> **RECORDED INFORMATION**:
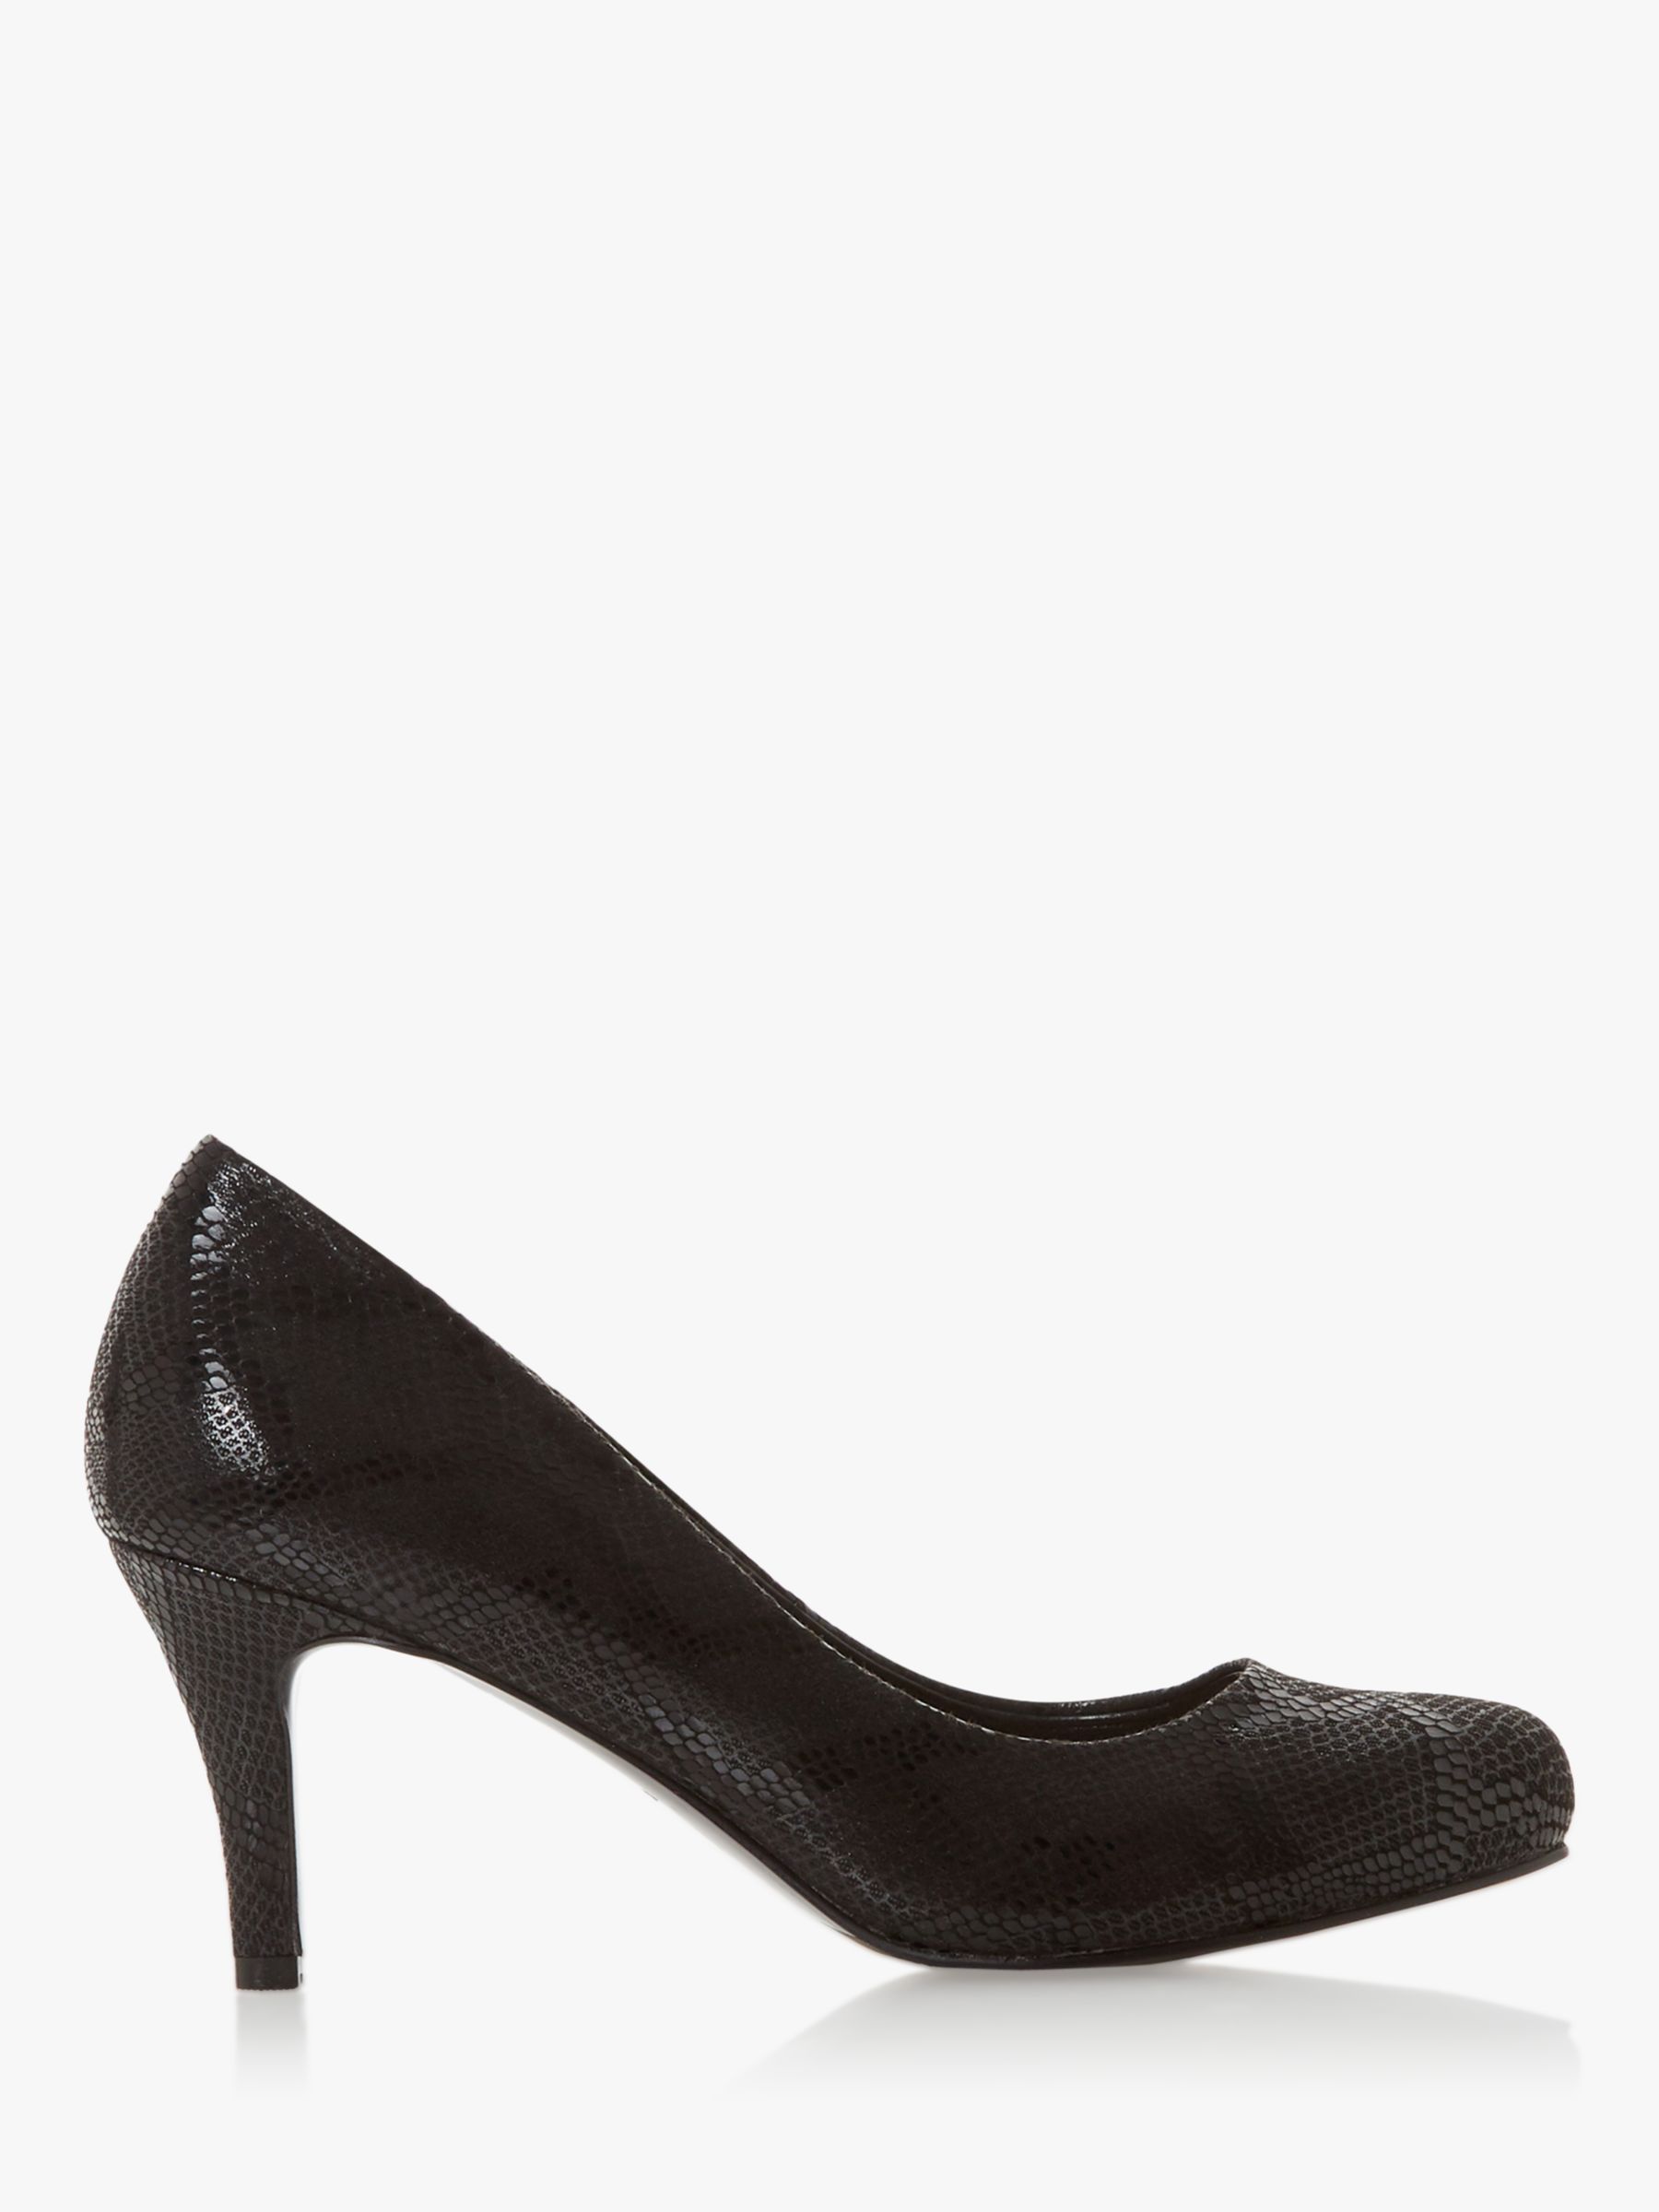 black court shoes mid heel
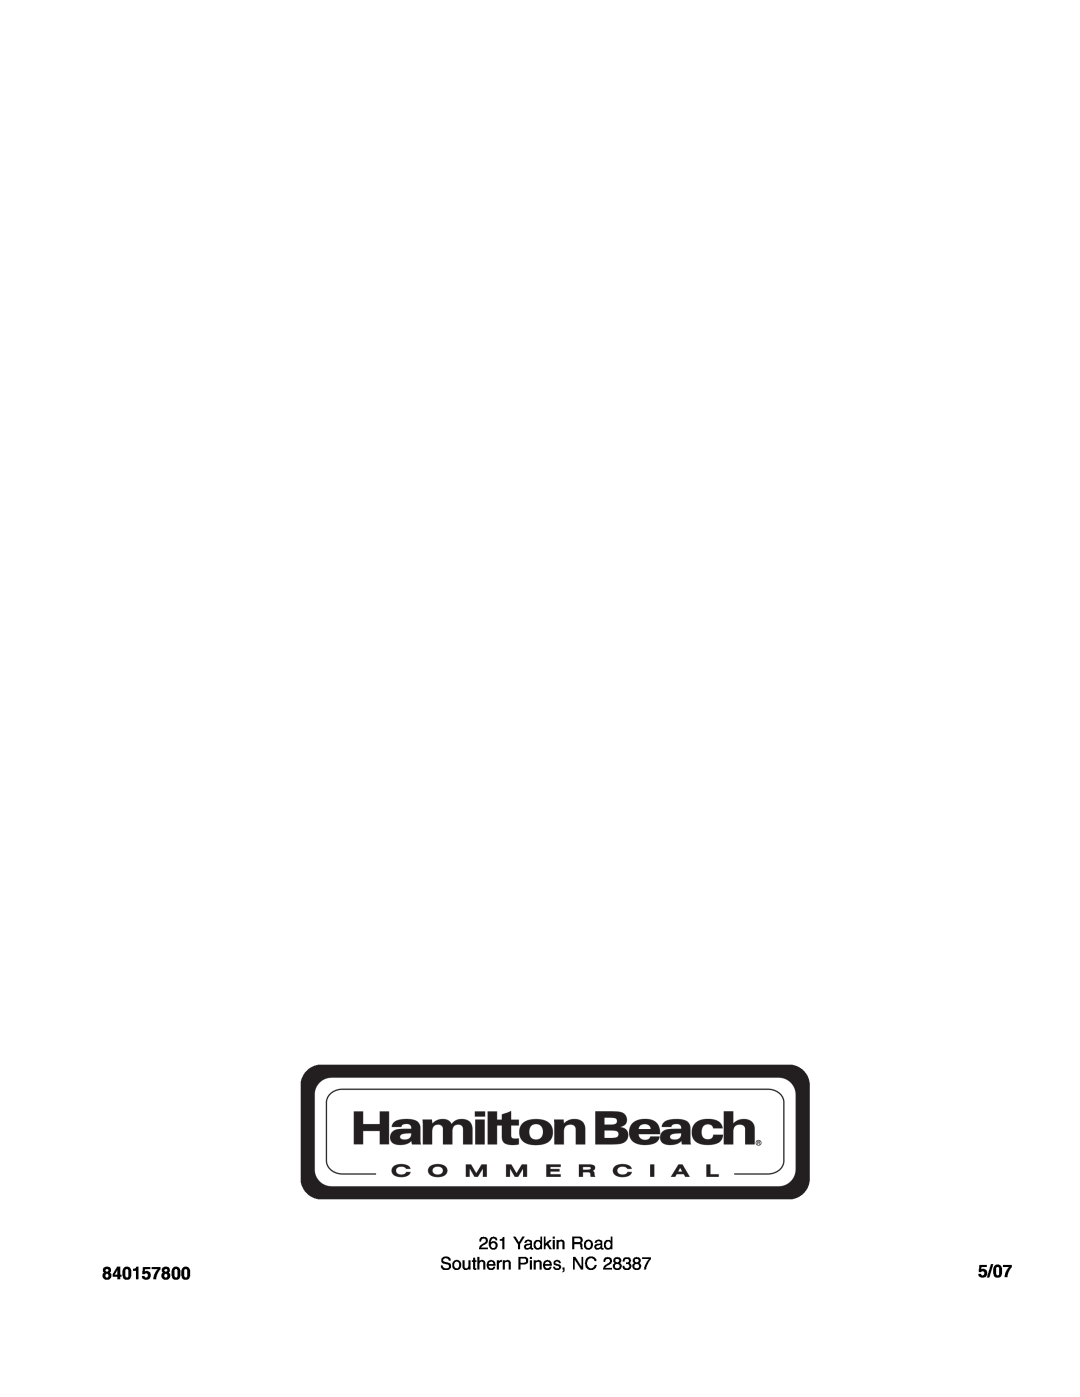 Hamilton Beach Immersion Mixer operation manual Yadkin Road, 840157800, Southern Pines, NC, 5/07 
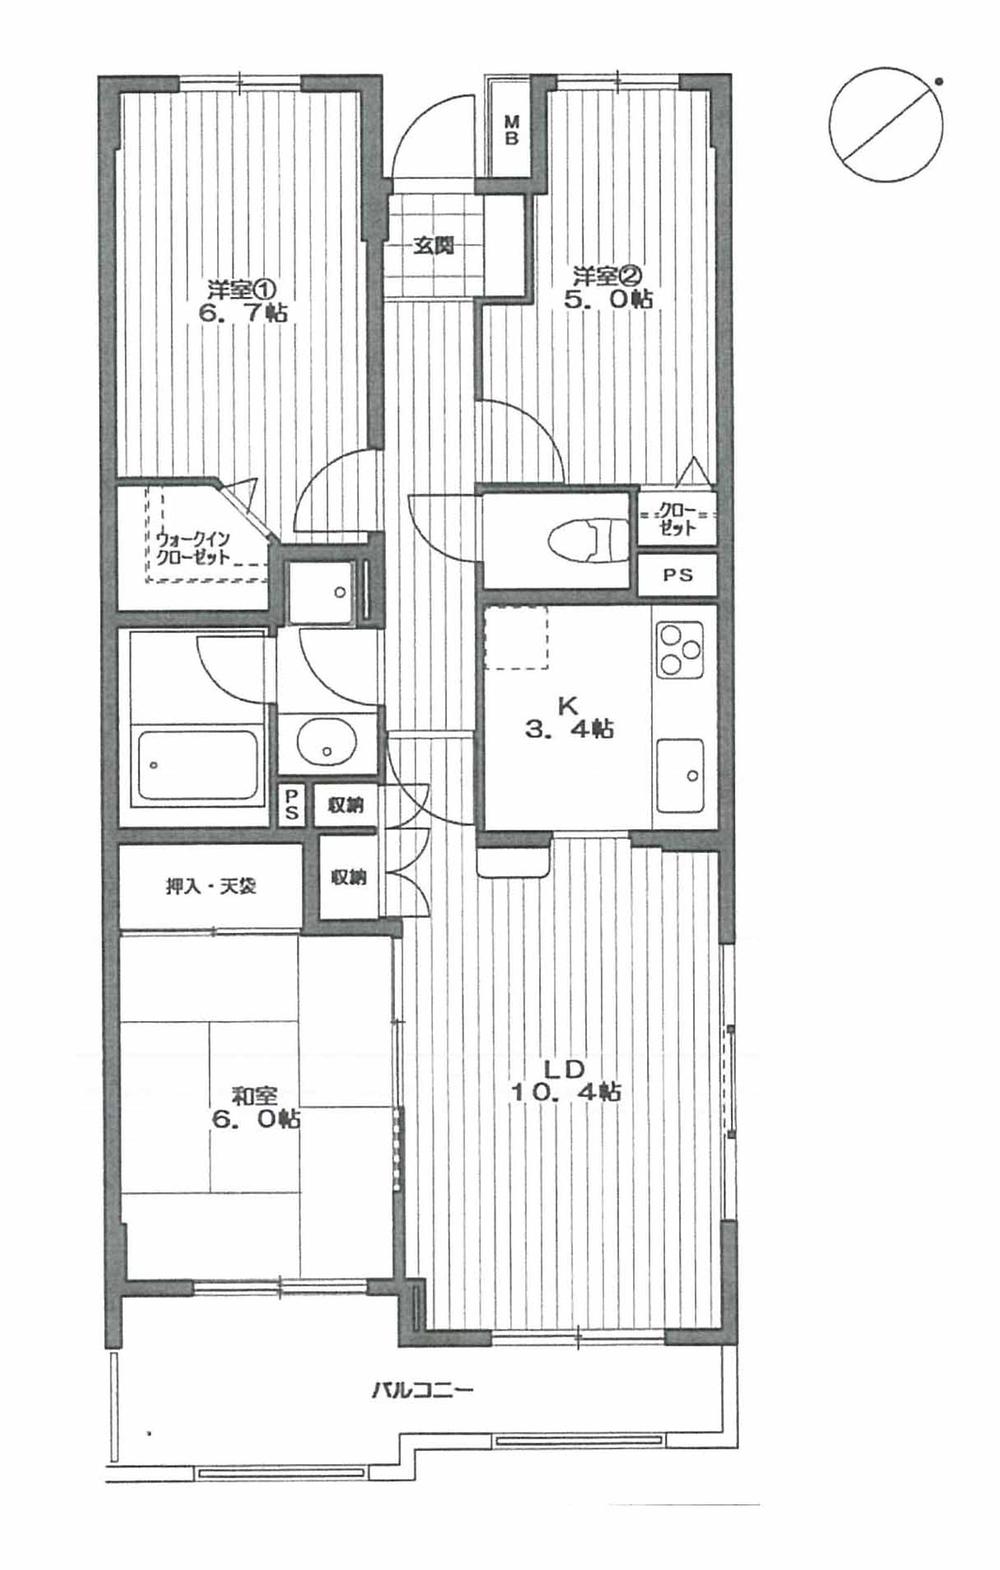 Floor plan. 3LDK, Price 33,990,000 yen, Occupied area 70.52 sq m , Balcony area 8.24 sq m

> **TASK REQUIREMENTS**: Copy every line above word for word and exclude the pictures.

> **EXERCISE RESPONSE**:
 black court shoes mid heel
 Hamilton Beach Immersion Mixer operation manual Yadkin Road, 840157800, Southern Pines, NC, 5/07 
 Floor plan. 3LDK, Price 33,990,000 yen, Occupied area 70.52 sq m , Balcony area 8.24 sq m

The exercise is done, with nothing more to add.